Les enfants sont des éponges. À l’affût de ce que nous leur montrons. Et c’est aussi ce qui rend ce métier aussi terrifiant, parfois.

Jeudi 1er mai

En cette journée de lutte pour les droits des travailleureuses, je me contenterai de vous souhaiter de la force, du sens, et l’allant de continuer des combats essentiels.

Mercredi 30 avril

Je suis en train de faire l’un des cours les plus magistraux de ma carrière aux cinquièmes Astronelle. Je leur parle de symboles. De tunnels, de ponts, et de trains, dans Le Voyage de Chihiro.

« Ma scène préférée, dans le film, c’est le voyage en train. »

Personne ne proteste. Et c’est là, que ça me frappe. Les cinquièmes Astronelle peuvent être épouvantables. Souvent, ils le sont. Mais quand je balance un propos, ils me laissent systématiquement le bénéfice du doute. Beaucoup m’ont expliqué que cette séquence, vers la fin du film de Miyazaki, les avait gonflé. J’ai balancé ça, maintenant j’ai intérêt à assurer.

« C’est grâce à ce que le français m’a appris. Les symboles. Il y a des images, quand on les voit et qu’on a appris leur sens caché, elles vous racontent trois histoires en même temps que l’histoire principale. Et alors même si c’est lent, on ne s’ennuie plus jamais. »

Il y a quelques jours, les mômes étaient à Brocéliande. On leur a parlé de la différence entre Paimpont et Brocéliande. Entre le mythe et le réel. C’est peut-être pour ça aussi. Mais pendant vingt bonnes minutes, ils écoutent. Ils écoutent et puis une seule phrase rompt le silence.

« En plus, si on ne comprend pas ça, on va penser qu’on est bêtes. »

Les symboles, pour eux, ça n’est pas qu’une herméneutique. C’est aussi la possibilité d’une émancipation.

Mardi 29 avril

Janya aime provoquer. Pour tout, pour rien. La provocation de Janya part dans tous les sens. « Monsieur, vous savez que vous avez pas de cheveux ? » « Monsieur, il paraît que le français est la matière la plus inutile du monde. » « Monsieur, vous pensez pas que l’écriture inclusive, il faudrait l’enseigner / surtout pas l’enseigner ? »

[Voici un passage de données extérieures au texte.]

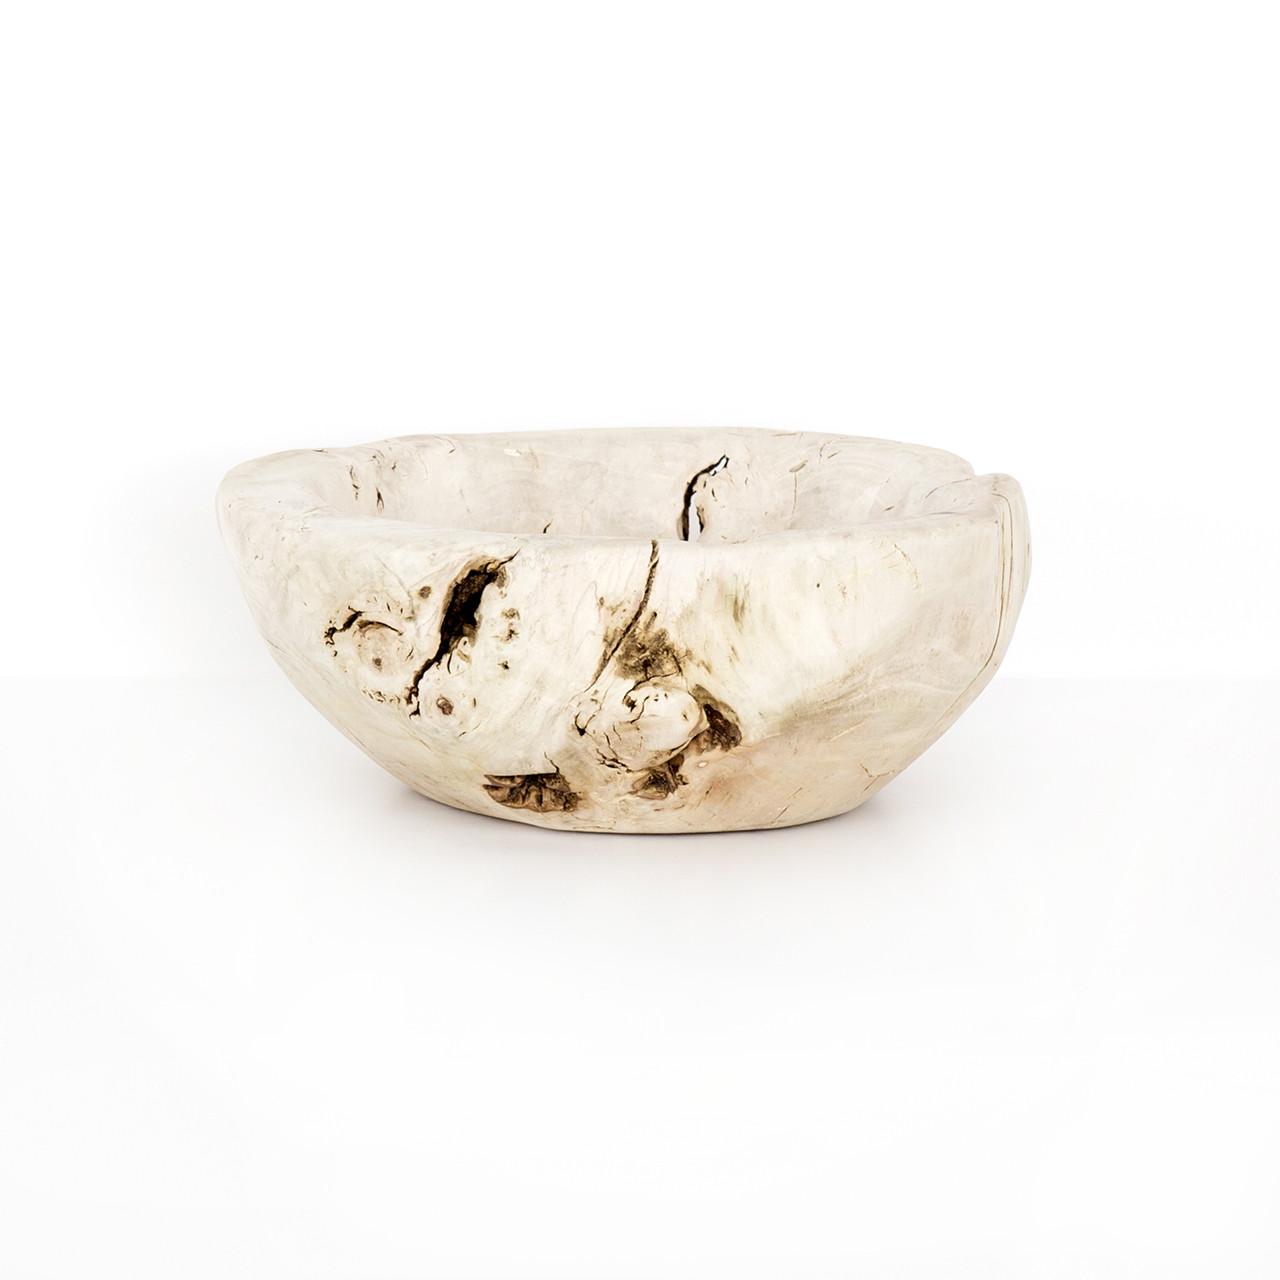 Reclaimed Wood Bowl - Ivory

Janya est agaçante. Mais pas seulement. Comme toujours, il y a quelque chose à aller chercher dans ces paroles qui jaillissent un peu partout. Janya lit de gros livres, et notamment des manuels d’hellénisme, qui est, je l’ai appris depuis peu, une résurgence du culte des douze olympiens mâtinée de mystiques contemporaines.

Situation complexe, et délicate. Une partie de moi veut lui montrer les énormités contenue dans les pages de ses bouquins (il y en a dix-sept par ligne en moyenne), une autre s’en veut de formater, déjà, quelqu’un qui souhaite penser par elle-même. Alors je tente ce délicat équilibre. Tenter d’aguerrir son originalité un peu foutraque.

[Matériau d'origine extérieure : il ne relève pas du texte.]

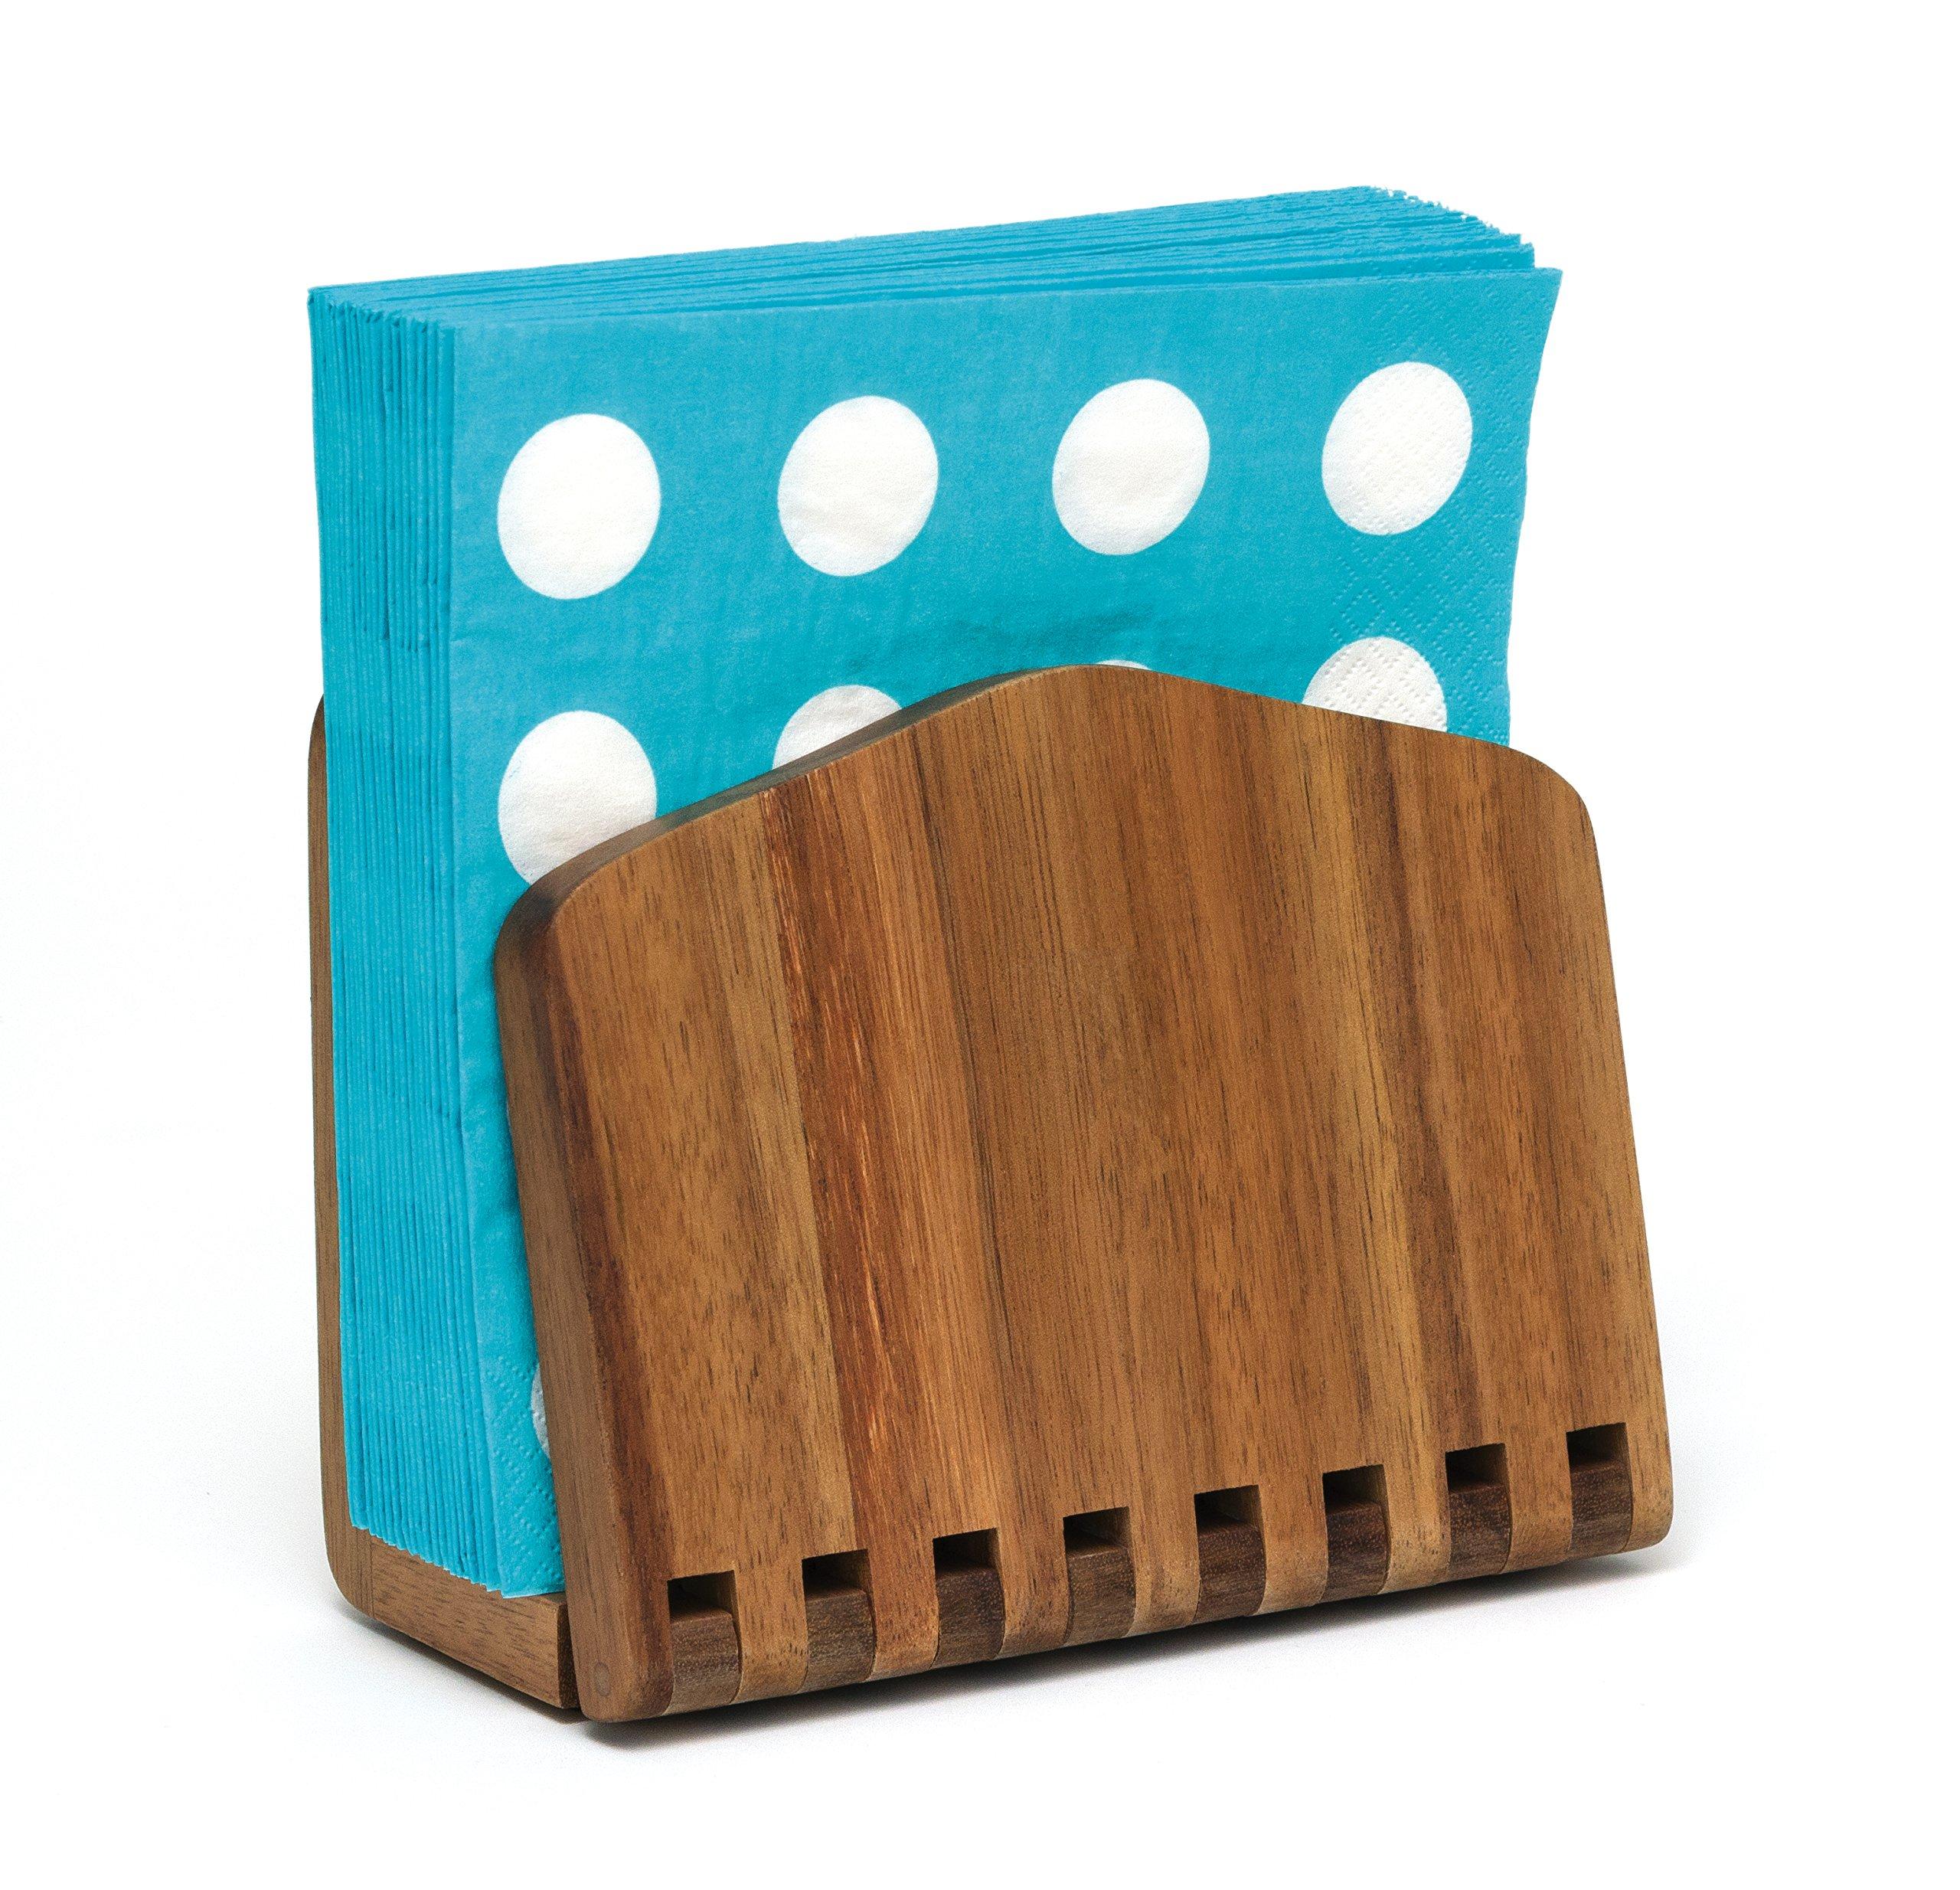 Lipper International 1160 Acacia Wood Adjustable Napkin Holder, 6-1/2'' x 3-1/4'' x 6'' by Lipper International (Image #2)

« Une blague sur ma calvitie ? Oh, c’est original. Ce doit être la douzième. Ce matin. »

« C’est intéressant, l’hellénisme. Vous avez cherché comment ça a été crée ? Non, ça ne vient pas tout à fait de l’Antiquité. »

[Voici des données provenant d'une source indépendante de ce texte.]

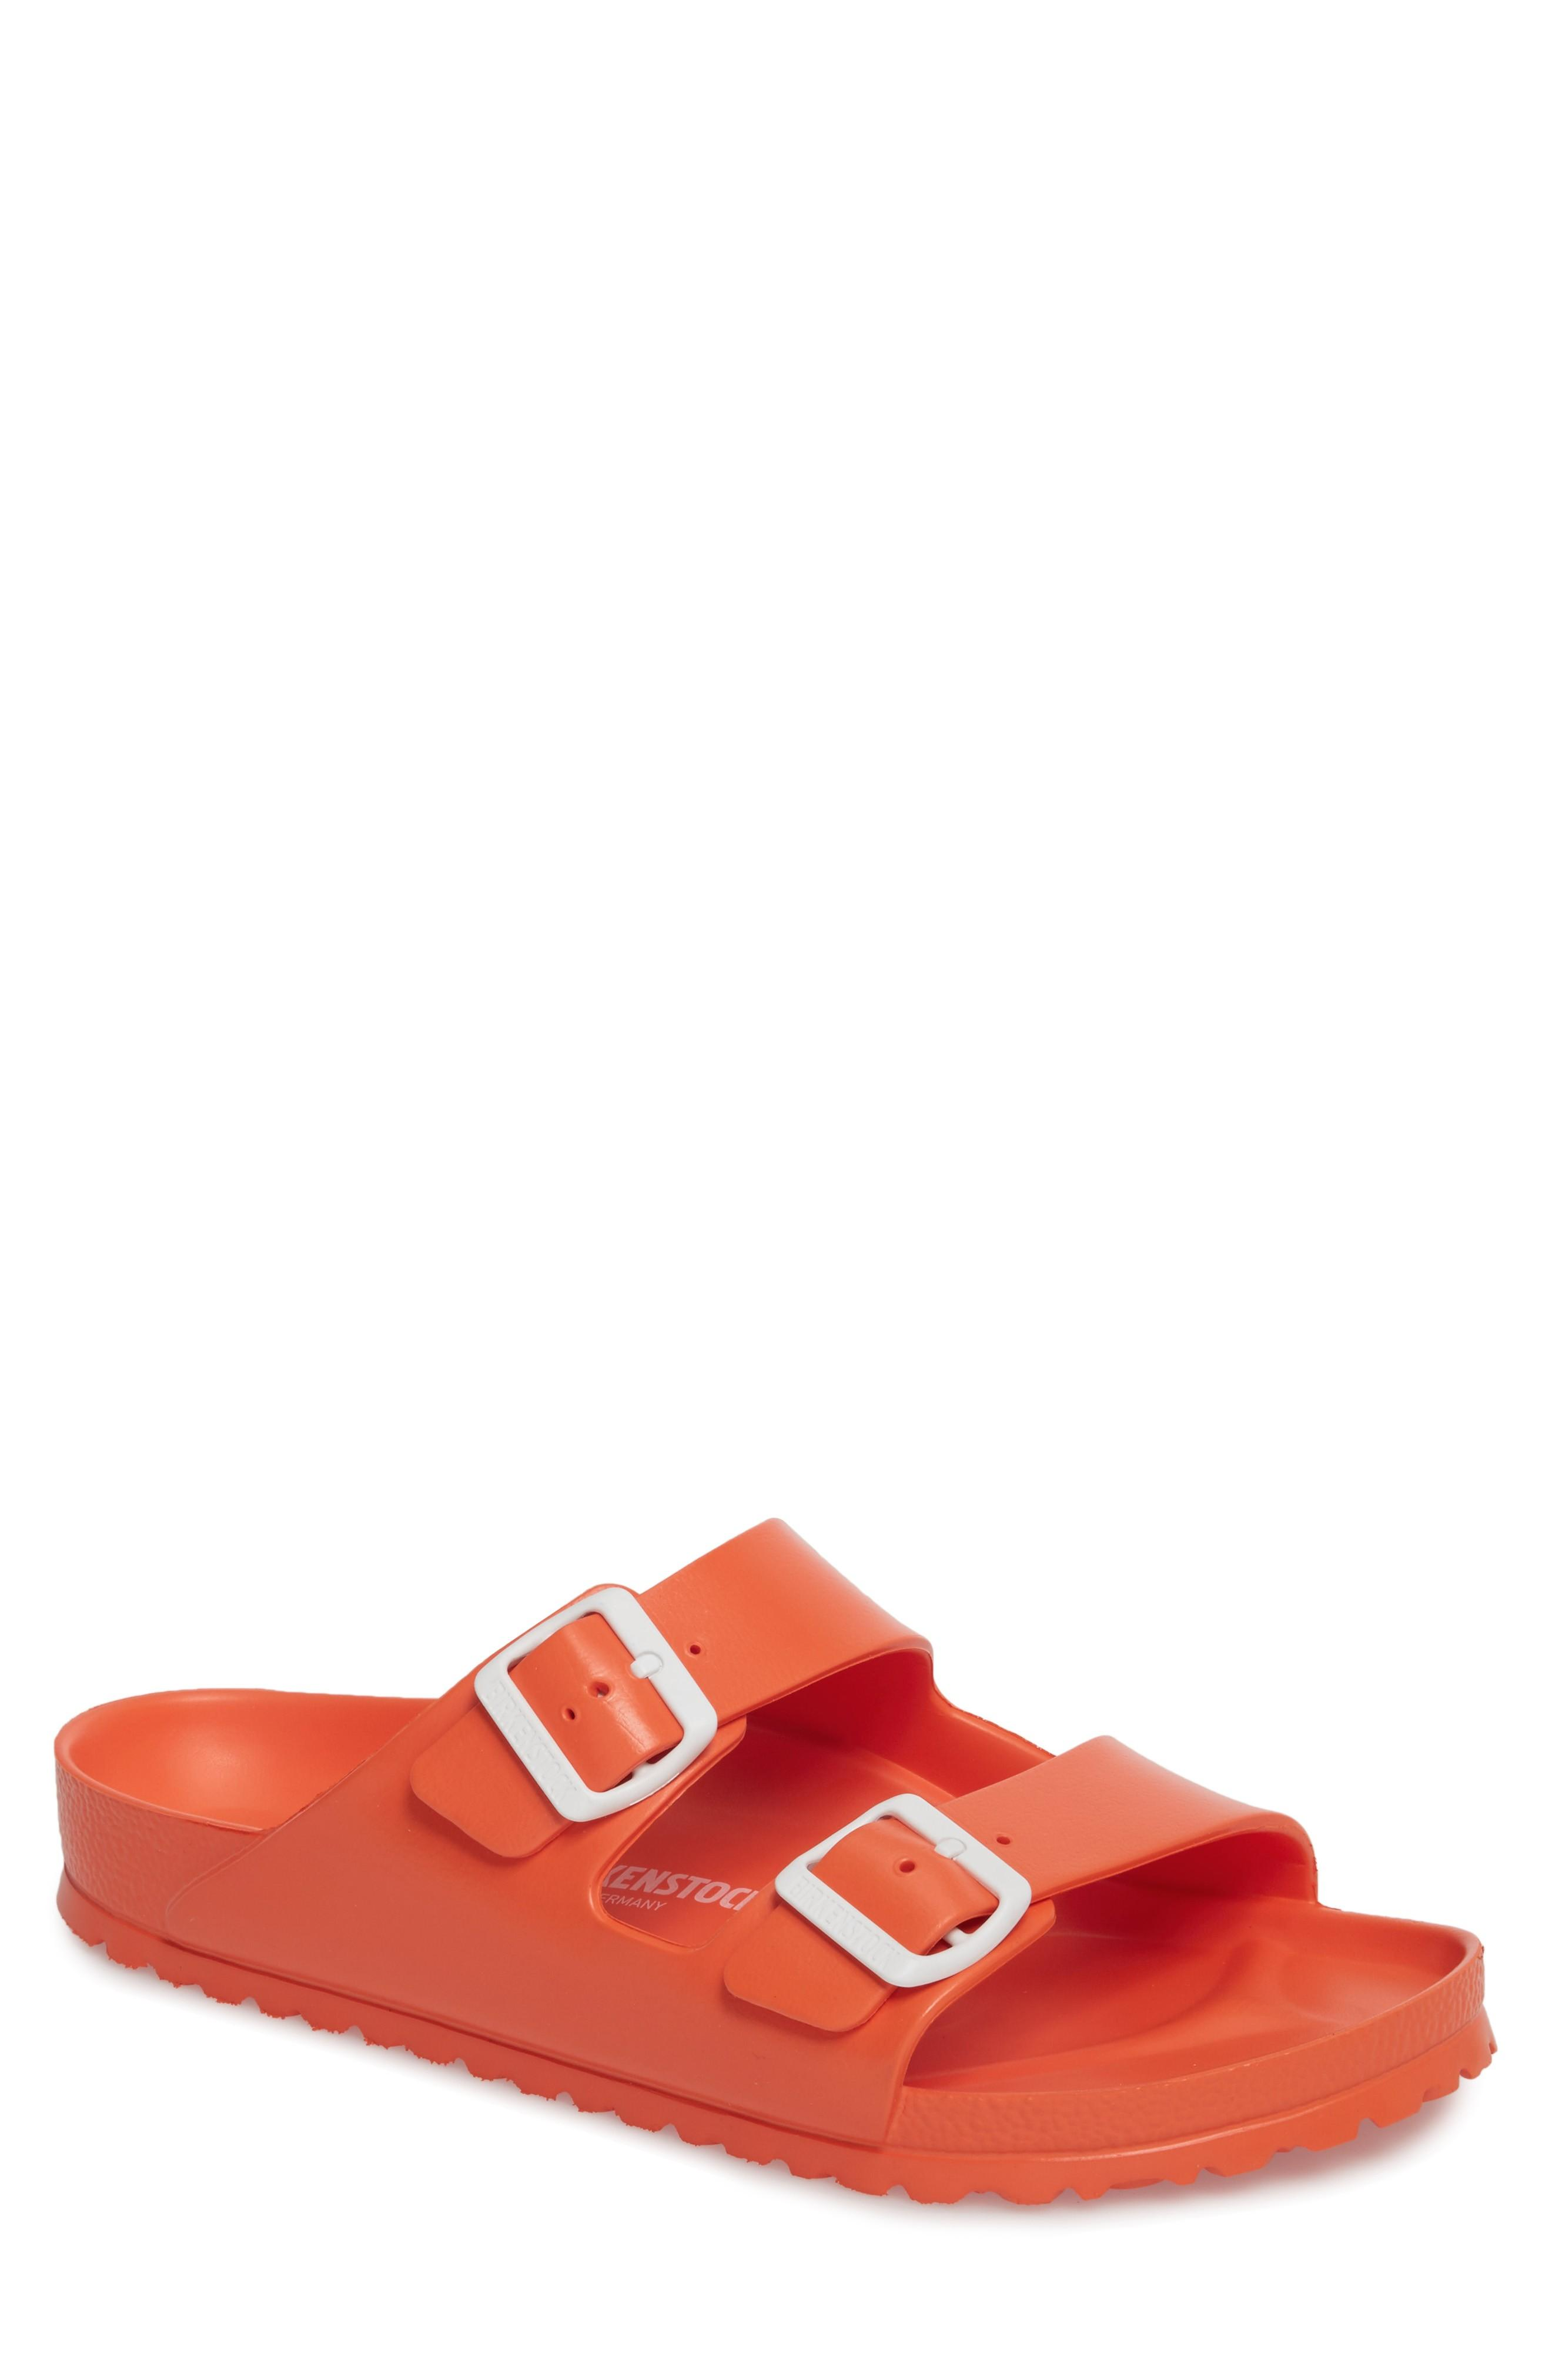 8ef7d3a5362fe9 Birkenstock Essentials Arizona Eva Waterproof Slide Sandal In Coral ...

Observer cette môme qui tente, avec des références toutes pétées, de se construire une culture et un esprit. Dans tous les sens du terme.

Lundi 28 avril

Les cinquièmes Astronelle ont décidé de ne se laisser aucune chance, en ce début de semaine. Durant les trois (3 !) heures que je les vois durant la journée, ils décident d’être haïssables, finissant par épuiser toutes mes ressources et mes réserves de patience.

Avant, lorsque j’arrivais au fond, à savoir que ma seule réaction était de hurler en faisant des « chhhhht », je me détestais.

Désormais je m’écoute.

Désormais je me dis que, cette fois, ça n’est peut-être pas totalement de ma faute. Que si je connais mes faiblesses, je connais aussi mes forces et que c’en est une de reconnaître que, certaines heures, une grande partie des élèves a décidé que ça ne le ferait pas. Alors respirer un grand coup. Attendre.

Parce qu’il reste encore deux mois compliqués, et que je veux me préserver tout autant qu’eux de ma mauvaise humeur.